Technology and understanding of microorganisms and the human body allow us to look back on the past, go “gee, you know, that Salem witch thing … yeah, those poor birds were high on PCP from the fungi-infected barley”.

Expanded knowledge rewriting history includes canning and other food-handling and food-preservation techniques. We now know that an awful lot of the illnesses people did, in fact, go down from are actually various types of food poisoning.

Too, food poisoning is still frustrating to diagnose and track backward to source, because the cases that lead to hospitalization don’t come from something we ate today or last night.

The worst cases of food poisoning come from things we ate 24-72 hours ago, and in some cases, even earlier.

Then there’s the conditional cases.

Depending on our microbiome, we’re fine even with minor exposure to the Big Bad Botulism. However, weaken our system, alter diets and thus the microbes thriving in our guts (they’re supposed to be there), or consume antibiotics either by prescription or from foods where they naturally exist … boom.

What we’ve shrugged off seventeen or seventy times before suddenly puts us on our back.

Better yet, since we’ve been doing “that” for so many years, and so did Mom, Grandma, and the Greats, it’s absolutely and in no way even possible that our illness (or somebody else’s) could ever be linked to home-canned foods.

Why, no. That’s ridiculous.

That is an incredible risk to be willing to take. It’s bad enough for “us”, but it’s really incredible when we risk giving it to others, especially those in high-risk groups.

I also find it incredible that the people who argue that it’s totally safe to put non-water bathed jams in a pantry for storage (or water bathed fish and non-pickled green beans, or oven can their jelly) are also so often the ones who jump and scream that we shouldn’t use newsprint, cardboard, or chem-treated pallets and timbers in our gardens, but that’s maybe just me.

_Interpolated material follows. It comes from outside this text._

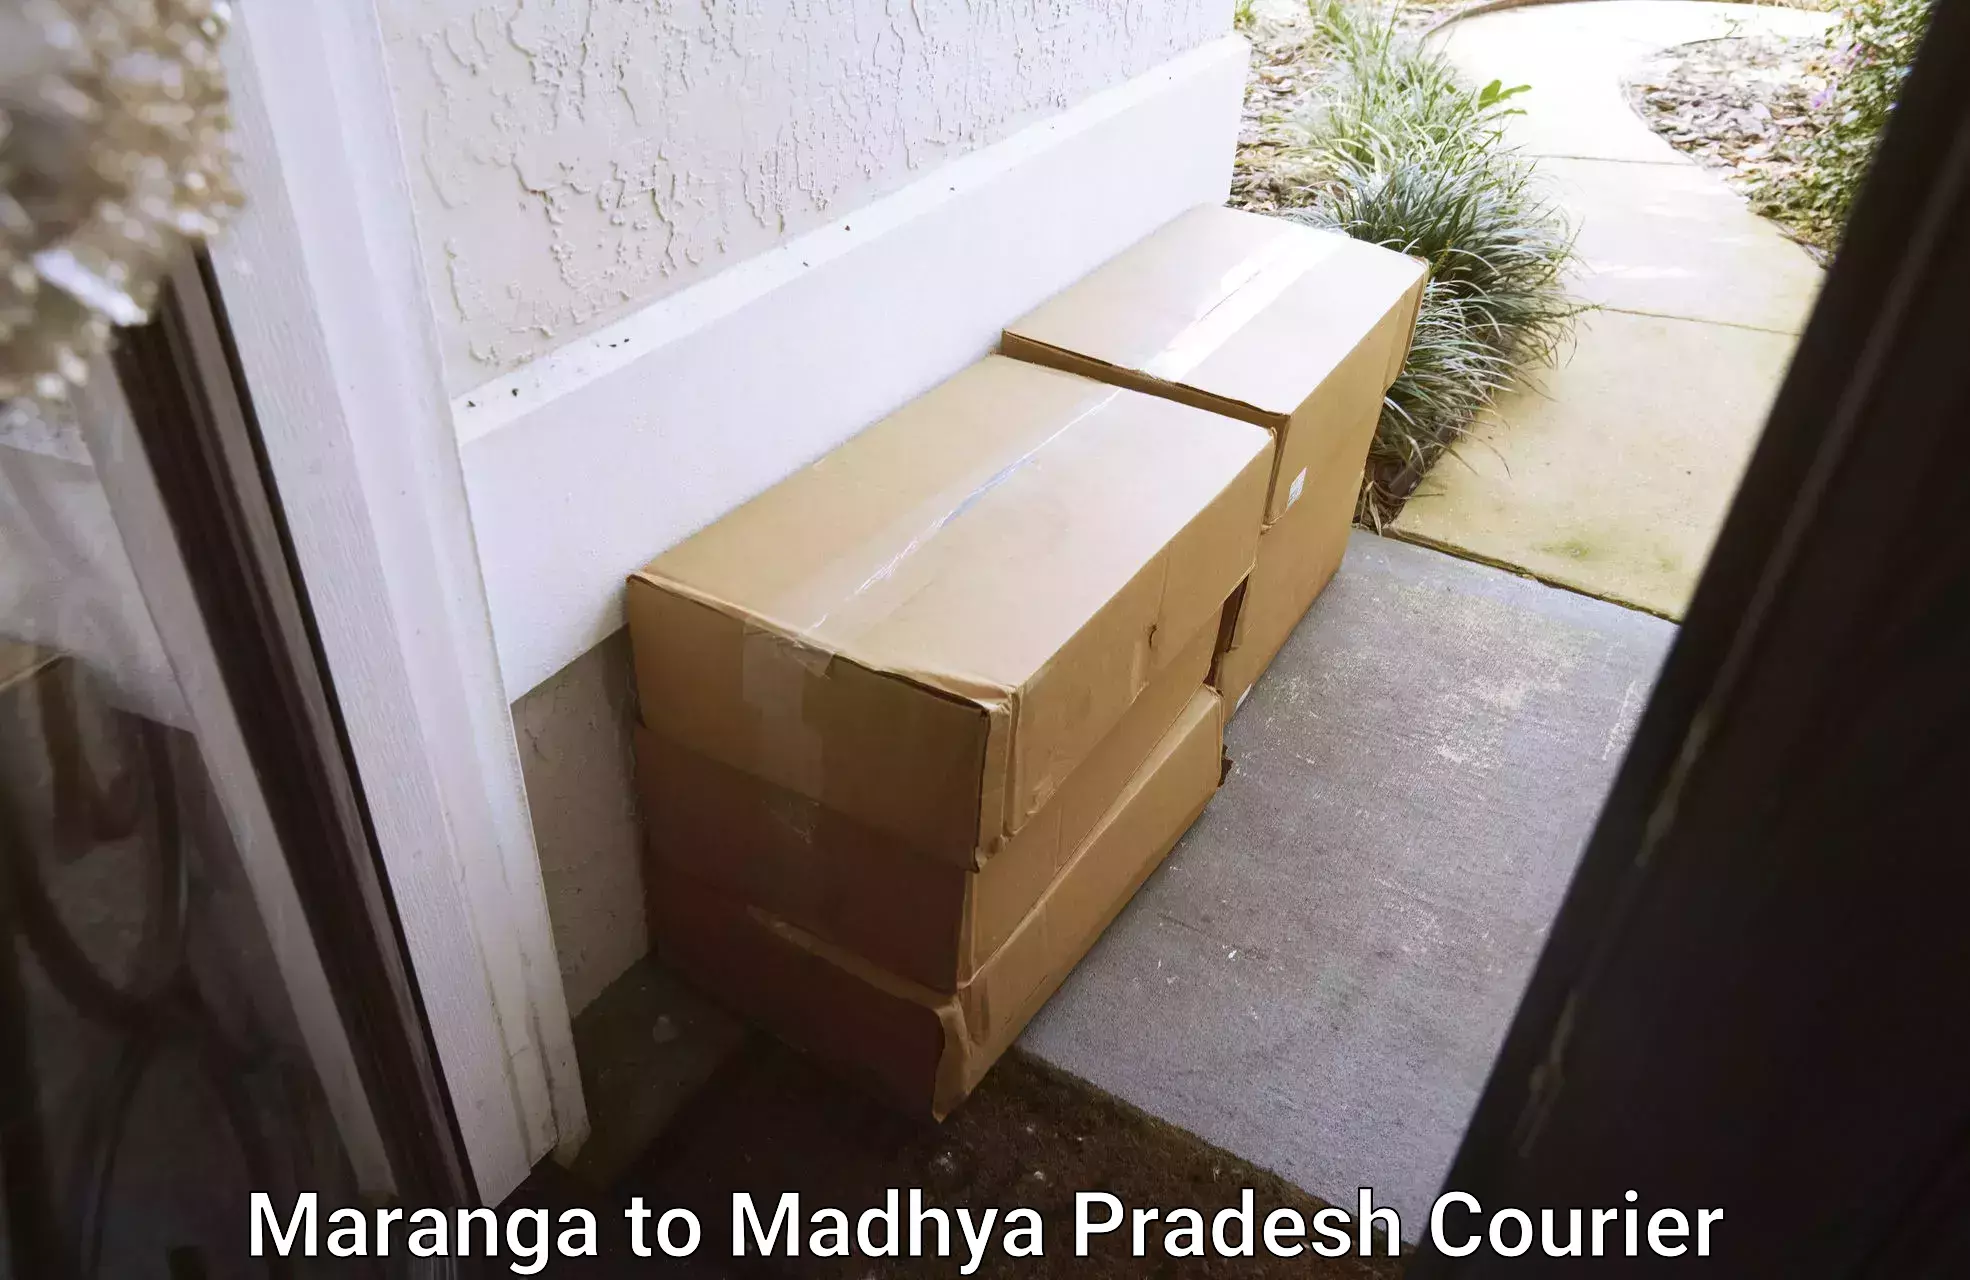 Full-service furniture transport Maranga to Madhya Pradesh

The risks are even more incredible given that safe canning and preservation is so easy, for the most part inexpensive, and reputable information is so easy and inexpensive to source.

Food safety is important. While some of the restrictions faced by large-scale producers can be over the top, for the most part, they’re there because risks do, actually, exist. If it seems too onerous, apply a different mentality entirely:

Just err on the side of caution, for Pete’s sake.

It’s no different than wearing goggles and safety gloves running a saw, a seatbelt in the car, or making sure somebody knows where we’re going and when we’re coming back before hiking, boating, or hunting, just in case we win that one-in-a-million unlucky lottery.

We’re preppers here. Preparing for things to go sideways, preparing for the expected and unexpected, trying to mitigate risks. Don’t undo all that by gambling on food safety.